Statesboro, GA, USA
My position is that some things in the bible don't live up to brighter revelations that I believe are found in ourselves and in democracy. I think one of the most obvious is the justice system and how willing men were to kill men for what they believed in. The bible is life for life, eye for eye, tooth for tooth.
You're right, the justice of God, and the punishment of sin is not a "brighter" vision at all. His mercy and longsuffering is definitely the brighter revelation. But you still have to answer the question about those who reject God's longsuffering and mercy. To not actively punish, or to not decree consequences, at that point, would not make God more than merciful, but less than just.
And your idealization of Democracy is hard for me to take seriously, for I live in one. Remember that the same Democratic principles you are praising, which ensure rewards via "the pursuit of happiness" for those who do well, also admits the possibility that misery may be pursued, and the happy roads left sometimes untrod. Aren't men punished with death sentences even in the good ol' democratic USA? Even many who are opposed to the death sentence, recognize the unsavory necessity of incarcarating people their entire lives in prison, for the protection of society.
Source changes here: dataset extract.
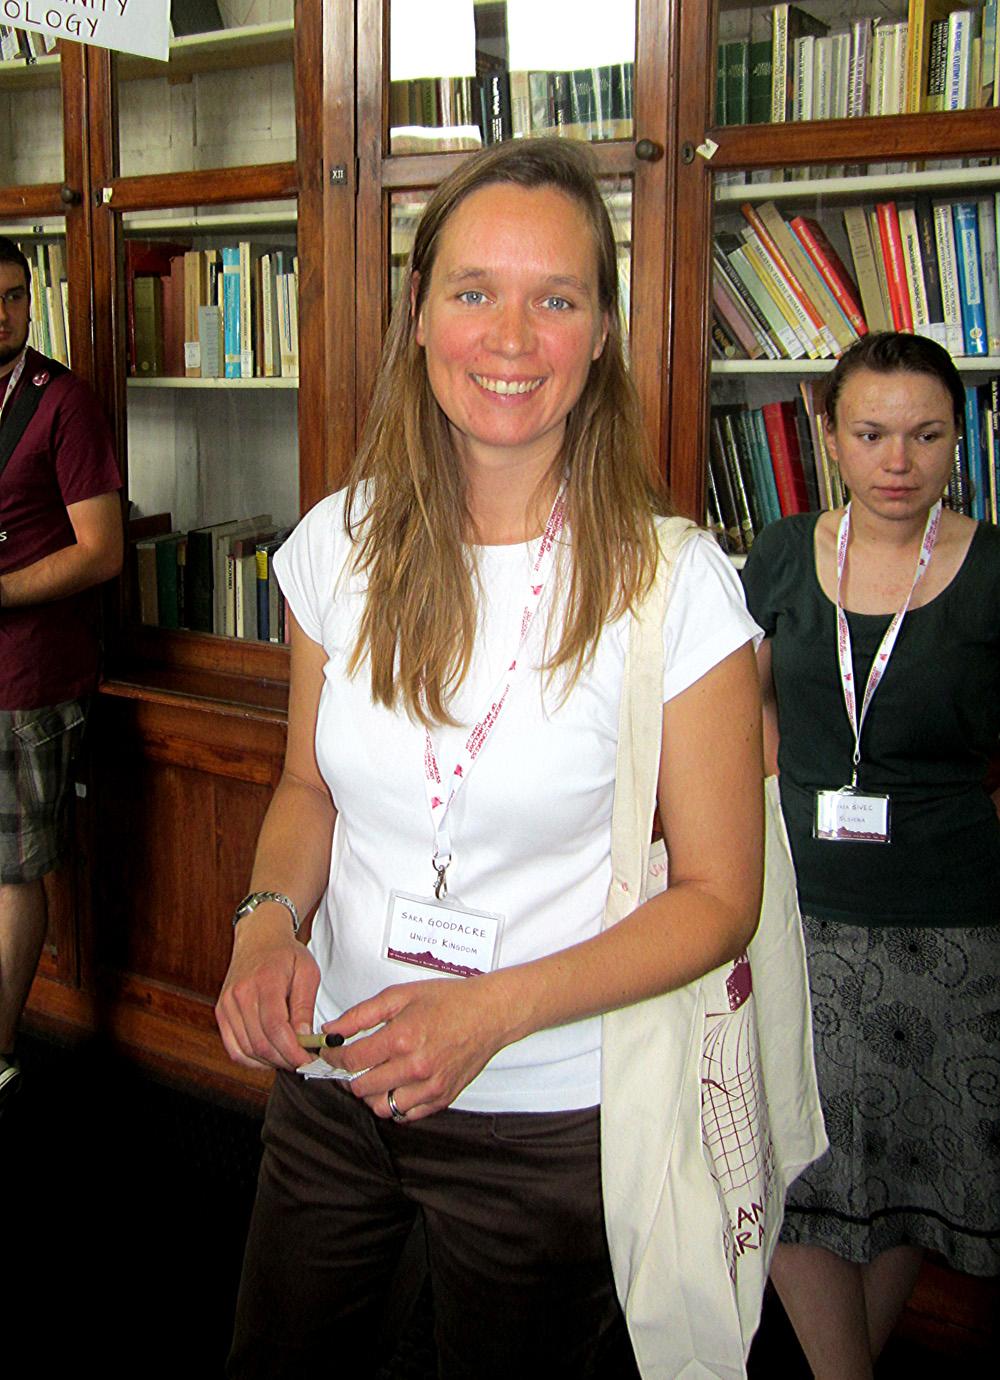 Sara Goodacre

No, I'm not trying to directly equate God's economy with the governments of men. But I am trying to show that your constant appeal to "democracy" does not at all prove your point, but actually is much closer to the point I've been trying to make.
If democracy has punished men severely only after many many chances and opportunities, and only as last resort, then how much more is this true of God?
But acknowleding such, doesn't mean we should omit acknowleding how much more advanced Democracy is in many ways today, especially in human rights and justice.
Democracy is no sure-fire solution to the problem of "human rights". Do you realize that under democracy, Roe versus Wade (for example) has allowed legally for some 50 million unborn human beings to be killed? And what did they do wrong?
It's all perspective Essorant. We call former generations "Brutal" and "Barbaric", but we have our own sins to look at and consider. Of course we're going to say theirs are worse. That's what we do, with individuals too, else there wouldn't be so much gossip among our places of employment. They (those who lived in ancient times) used axes, spears, and swords. We use technology, economic maneuvering, and clinical settings to do atrocities. We're more politically correct in our horrors.
Another thing, the Bible does comment on it's own "imbalances", as you call them. The "eye for an eye" concept was actually intended to lessen the passion of a man to poke out two eyes for his one. In a culture of bellicose brutality, this was actually a step in the right direction. The Mosaic prescription, though we might not like it, was like more like a grey stone among black stones. And I don't automatically assume that our American approach is an pearl.
The law of Moses was also given to demonstrate the concept of Justice, and the reality of sin to a people with no revelation of such things. Whereas Jesus did change the dynamic somewhat with his covenant of grace and forgiveness. But where this new "covenant" is not recieved, the law and justice does not simply disappear. None of this changes God's prerogative to punish sin, where that punishment is demanded by justice. Even if the "bowels of divine mercy" have been extended through the New Testament, it still may be possible to avoid them ... to neglect "so great a salvation".
Morality to me is about life and peace. It has no room for violence and murder.
We know better because better is done. People get jail, rehabilitation and help all under man's hospitality. That to me is much more civilized than throwing a thunderbolt at the person or throwing him into a firepit called hell.
Essorant, you've said this so many times, that I have to call you on it. Do you really believe that under our present Justice System, all criminals are really rehabilitated that undergo "rehab"? You think we don't "throw the lightening bolt" of the Electric chair, or "throw a person" into a firepit called prison, if they keep going back (with increasing intensity) to their criminal ways?
Again, I'm not trying to say that God's econonmy is nothing more than a celestial version of democracy. But, please, stop using democracy falsely as somekind of utopian vision, by which you can contrast my views. You're either ignorant of our present justice system, or not being wholly honest here. You always strive to see the best in everything and everyone Essorant, and that's admirable. It's actually one of the things I like most about you. But maybe that's what you're doing in an extreme way ... wearing rose colored glasses as you look at Old Betsy's stars? You can't seem to see her stripes.
The reason is that "punish by death" (murder) and "superlative" can never stand together.
If better means are rejected, then to "punish by death" does not necessarily entail what you call murder. The Bible makes a distinction, for example, between the sword of civil government (following the law of God) and the dagger of a rogue. I'm not saying that the earthly manifestation of punishment represents the "best". (It does represent the worst). But I am saying that there is a difference between punitive death and murder, biblically speaking ... and before you say it, even in a wonderful democracy like ours.
I'll quote C.S. Lewis here: "An exhortation to charity should not come as a rider to a refusal of justice".